[[ DATASET SECTION, beginning ]]

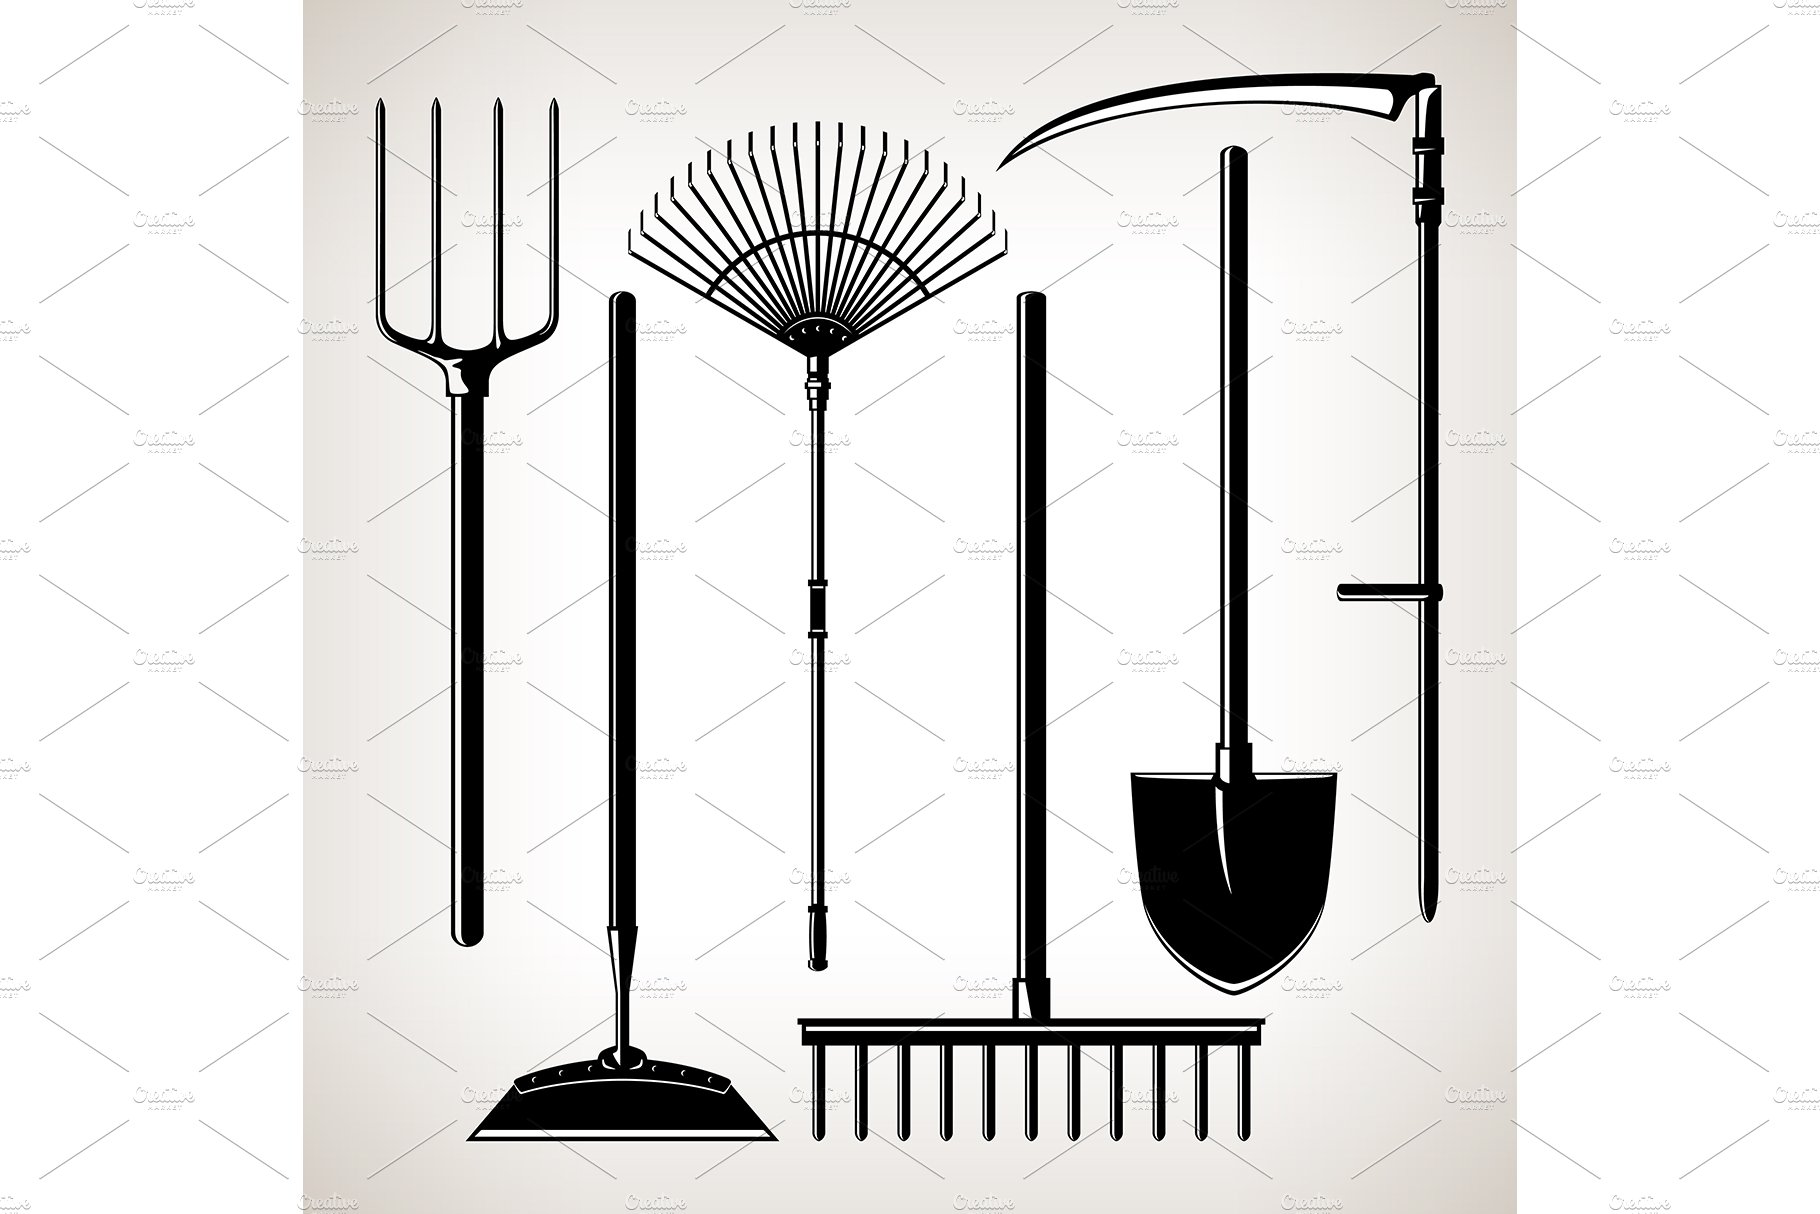 Set of agricultural tools cover image.
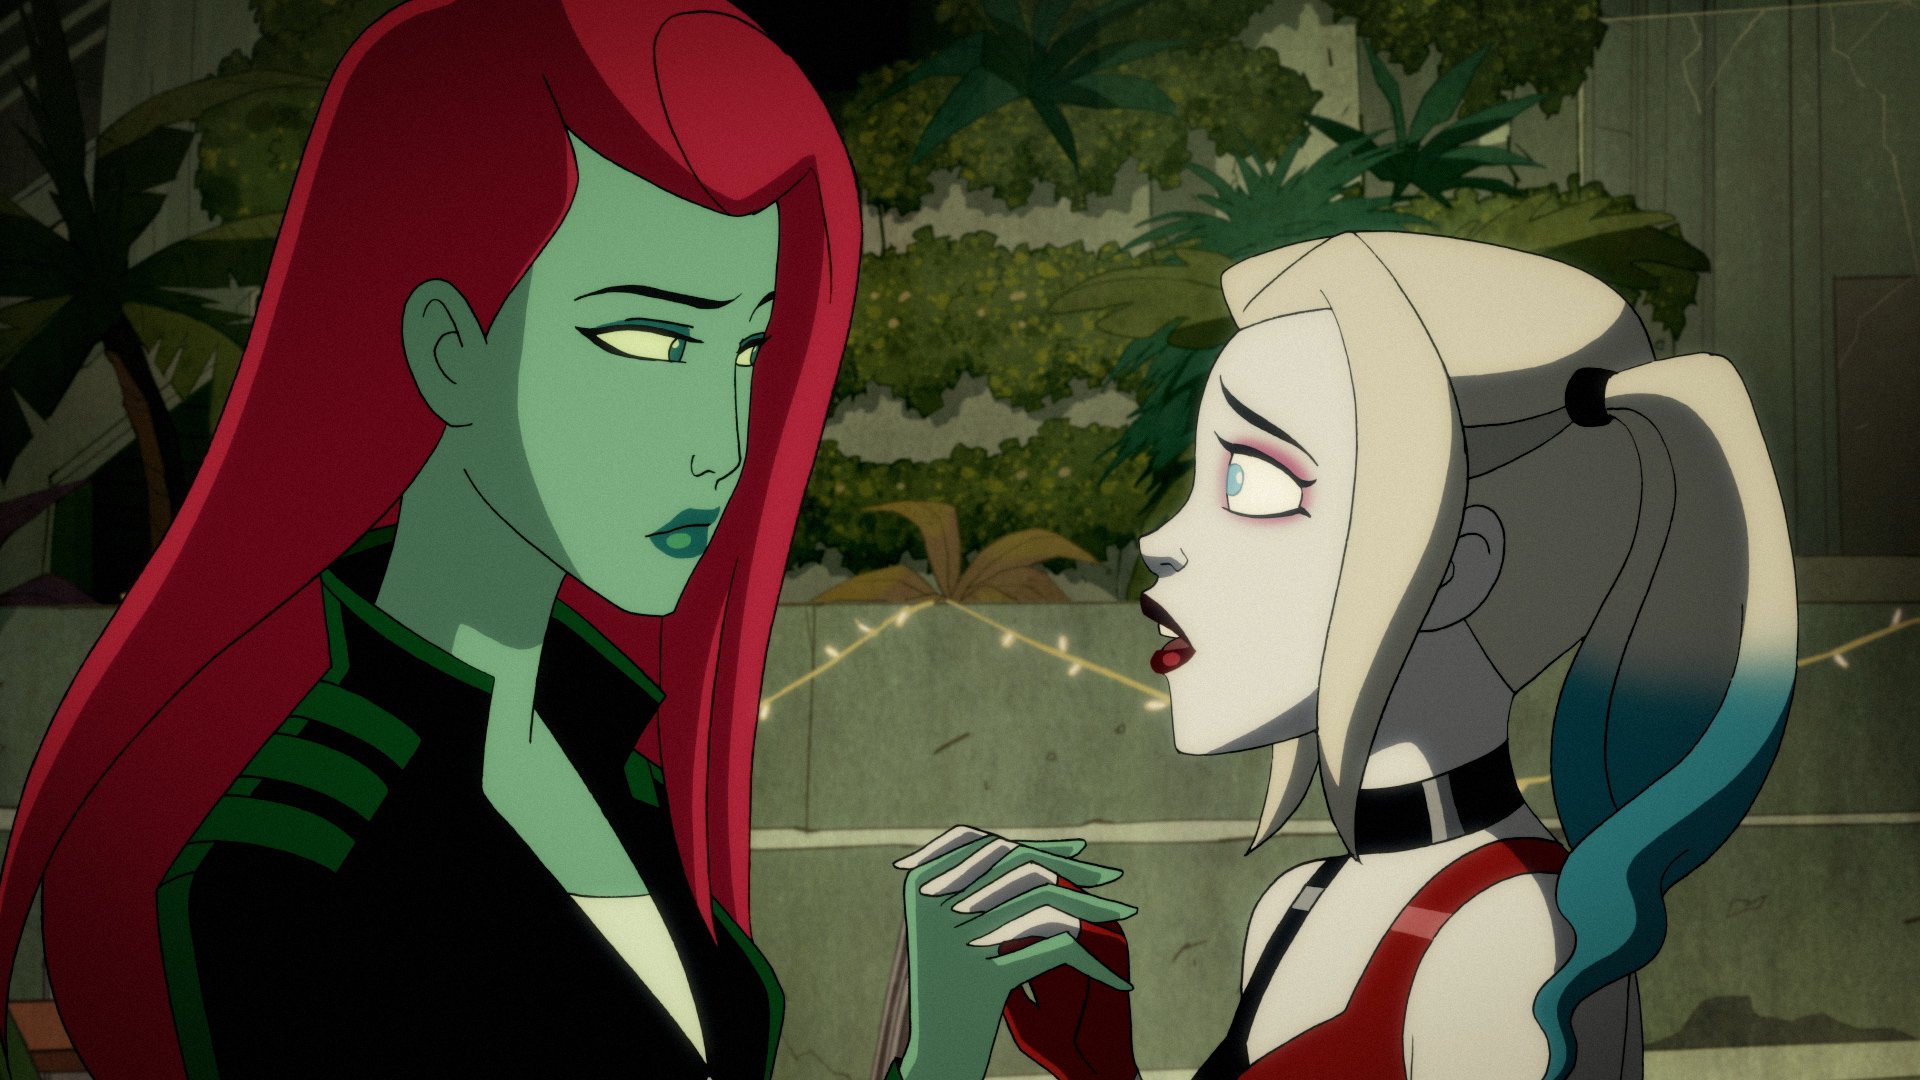 Poison Ivy and Harley Quinn in Season 2 of 'Harley Quinn'
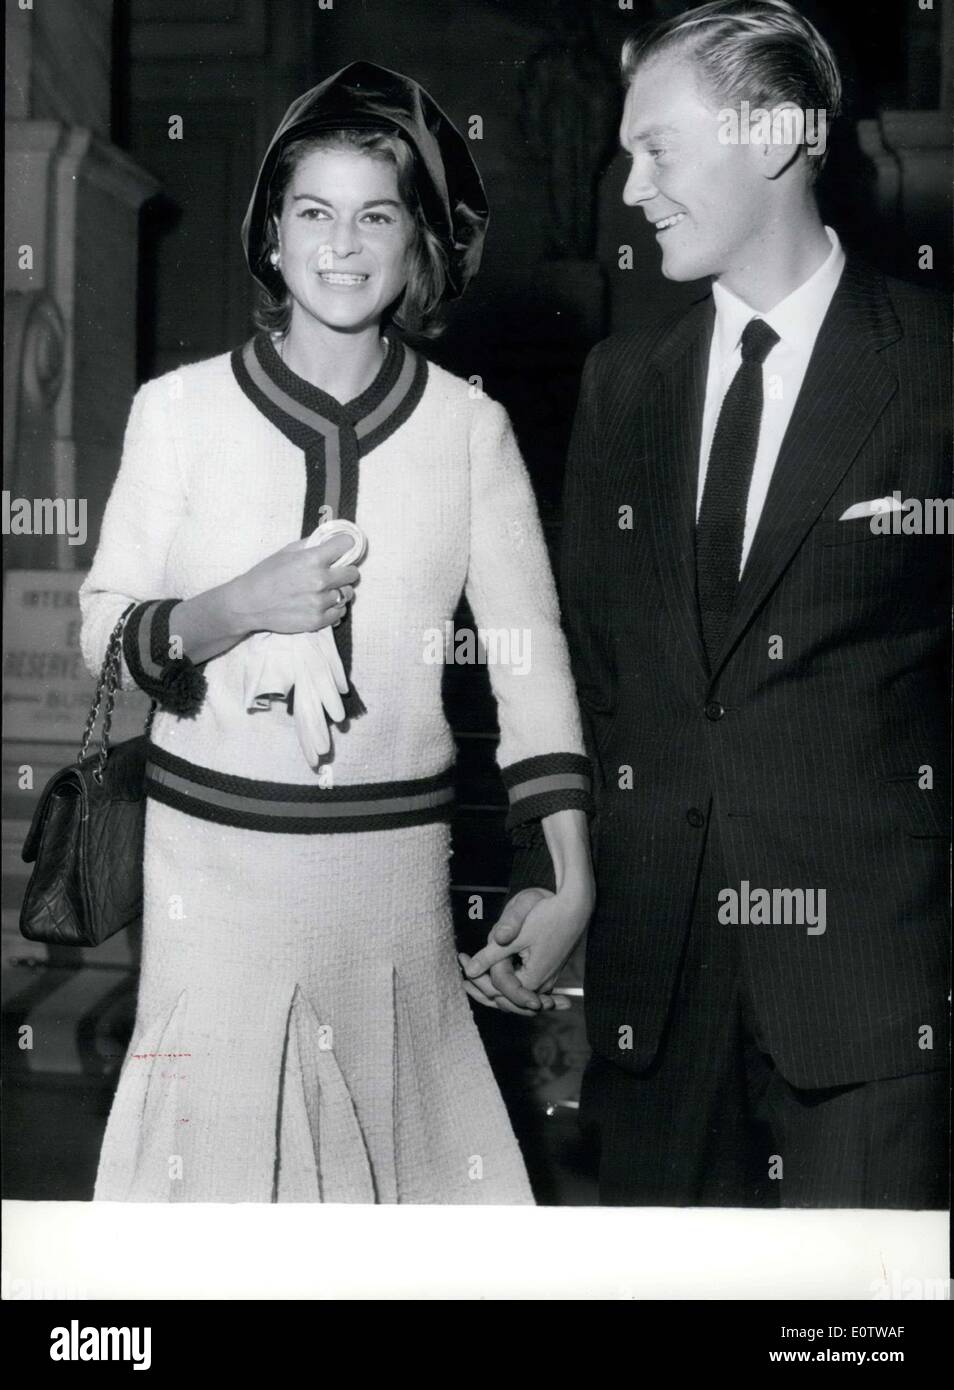 Oct. 02, 1960 - The 25-year-old Count of Suffolk, who is a friend of the Duke of Kent and of Princess Alexandre, married Miss Suzanne Litman, the daughter of an important French manufacturer, in Neuilly. Here is a picture of the newlyweds leaving the town hall. Stock Photo

[[ DATASET SECTION, end ]]

:: WHAT IS NEEDED ::
Set down the material above as is, without any pictures.

:: REPLY TO THE TASK ::
 Set of agricultural tools cover image.
 Poison Ivy and Harley Quinn in Season 2 of 'Harley Quinn'
 Oct. 02, 1960 - The 25-year-old Count of Suffolk, who is a friend of the Duke of Kent and of Princess Alexandre, married Miss Suzanne Litman, the daughter of an important French manufacturer, in Neuilly. Here is a picture of the newlyweds leaving the town hall. Stock Photo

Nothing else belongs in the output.